Капитан протянул босую ноту, охватил пальцами горлышко ближней бутылки, поднял бутылку ногой высоко над землей, перехватил ее в руку, отпил глотка два и, попрежнему орудуя ногой, не глядя, поставил ее на песок.
— Уф-ф!
— Ай! — в восхищении взвизгнул Устрицын, — Люся! Смотри!..
В тот же миг книга упала налево, ветка направо. Капитан сел в своем кресле и обеими рутами прижал к глазам бинокль.
— Три физиономии! — рявкнул он. — Одна другой чище! Девица! Юнги! Эй, там под ветром, слушать мою команду! Отвечать, кто такие? Откуда? Куда? С заходом в какие порты? Груз? Назначение?
Все трое ребят наполовину опустились за забор от страха.
— Мы — ребята… пискнула Люся. — Нам нужен капитан Койкин.
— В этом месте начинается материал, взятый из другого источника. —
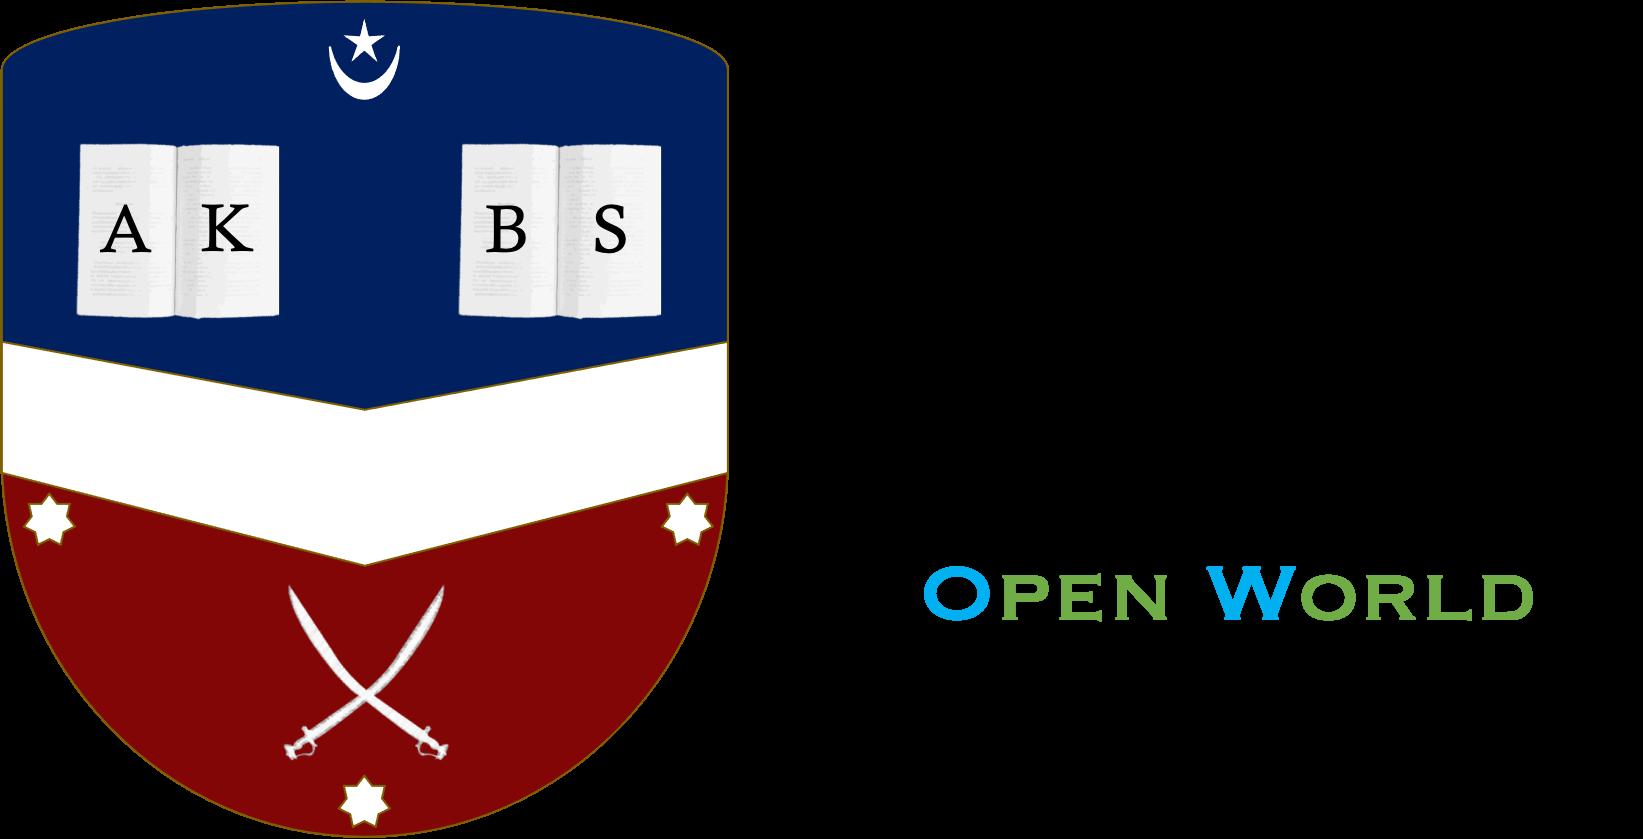 Al-Khalifa business School. Open World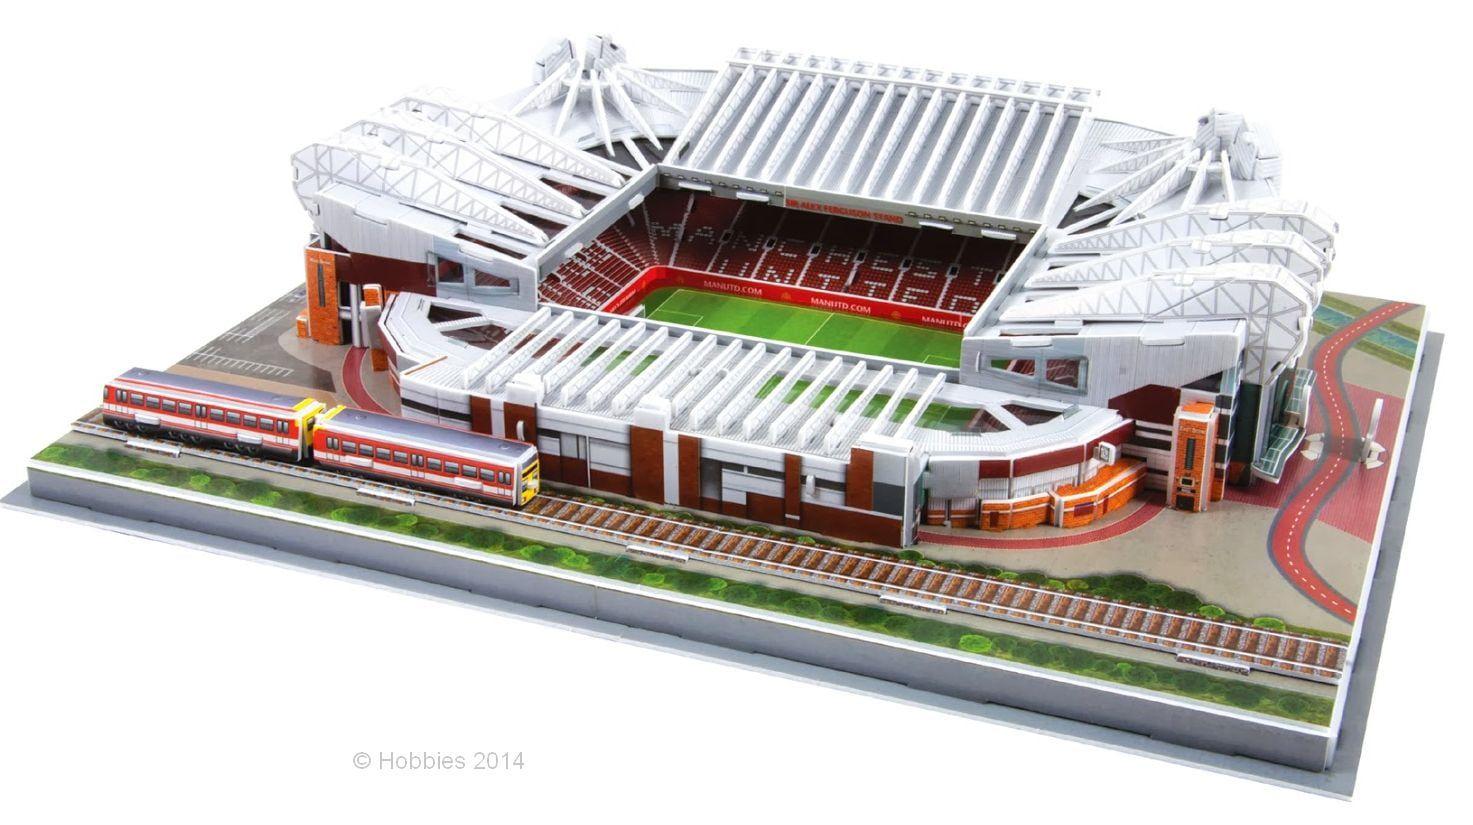 3D Replica Manchester United Football Club Old Trafford Stadium Easyfit Model 395 x 290 x90mm

— Ребята? — грозно переспросил капитан, позволяя биноклю свободно упасть на ремне и страшно наморщив лоб. — Гм! Ребята? Ребята — ребятам рознь. Без седла верхом ездить умеете? Гм! Из рогаток в бутылки умеете стрелять? Ну, это еще проверим! Тонули хоть раз? Босиком-то ходите? Эй, ты, крайний… Вон тот… Подними-ка ногу над забором! Гм! Сандалии… рваные… Ну, ладно, это все равно, что босиком. Хорошо. Давайте сюда. Будем разговаривать, если — босиком. Не люблю белоножек! Лезьте сюда. В чем дело-то?
— В бутылке… В зеленой… — ответили Устрицын и Лева, торопливо перелезая через забор. Люся смотрела туда и сюда, ища калитки.
— Девица! — загремел капитан, выпрямляясь. Прекратить поиски калиток! Никаких калиток! Капитан Койкин не любит калиток! Зачем калитки, если всякий может через забор! Как так — дело в бутылке? Что значит — дело в бутылке? Какое дело? В какой бутылке? Немедленно объяснить!
Трепеща от множества различных чувств. Лева и Устрицын приблизились к капитану.
— Вот в этой… — пробормотал Лева. — Мы ее выловили из реки… ловили аллигаторов (Люся вытащила из ведерка рака) и дельфинов (Люся вытащила пискаря)… Вдруг плывет бутылка…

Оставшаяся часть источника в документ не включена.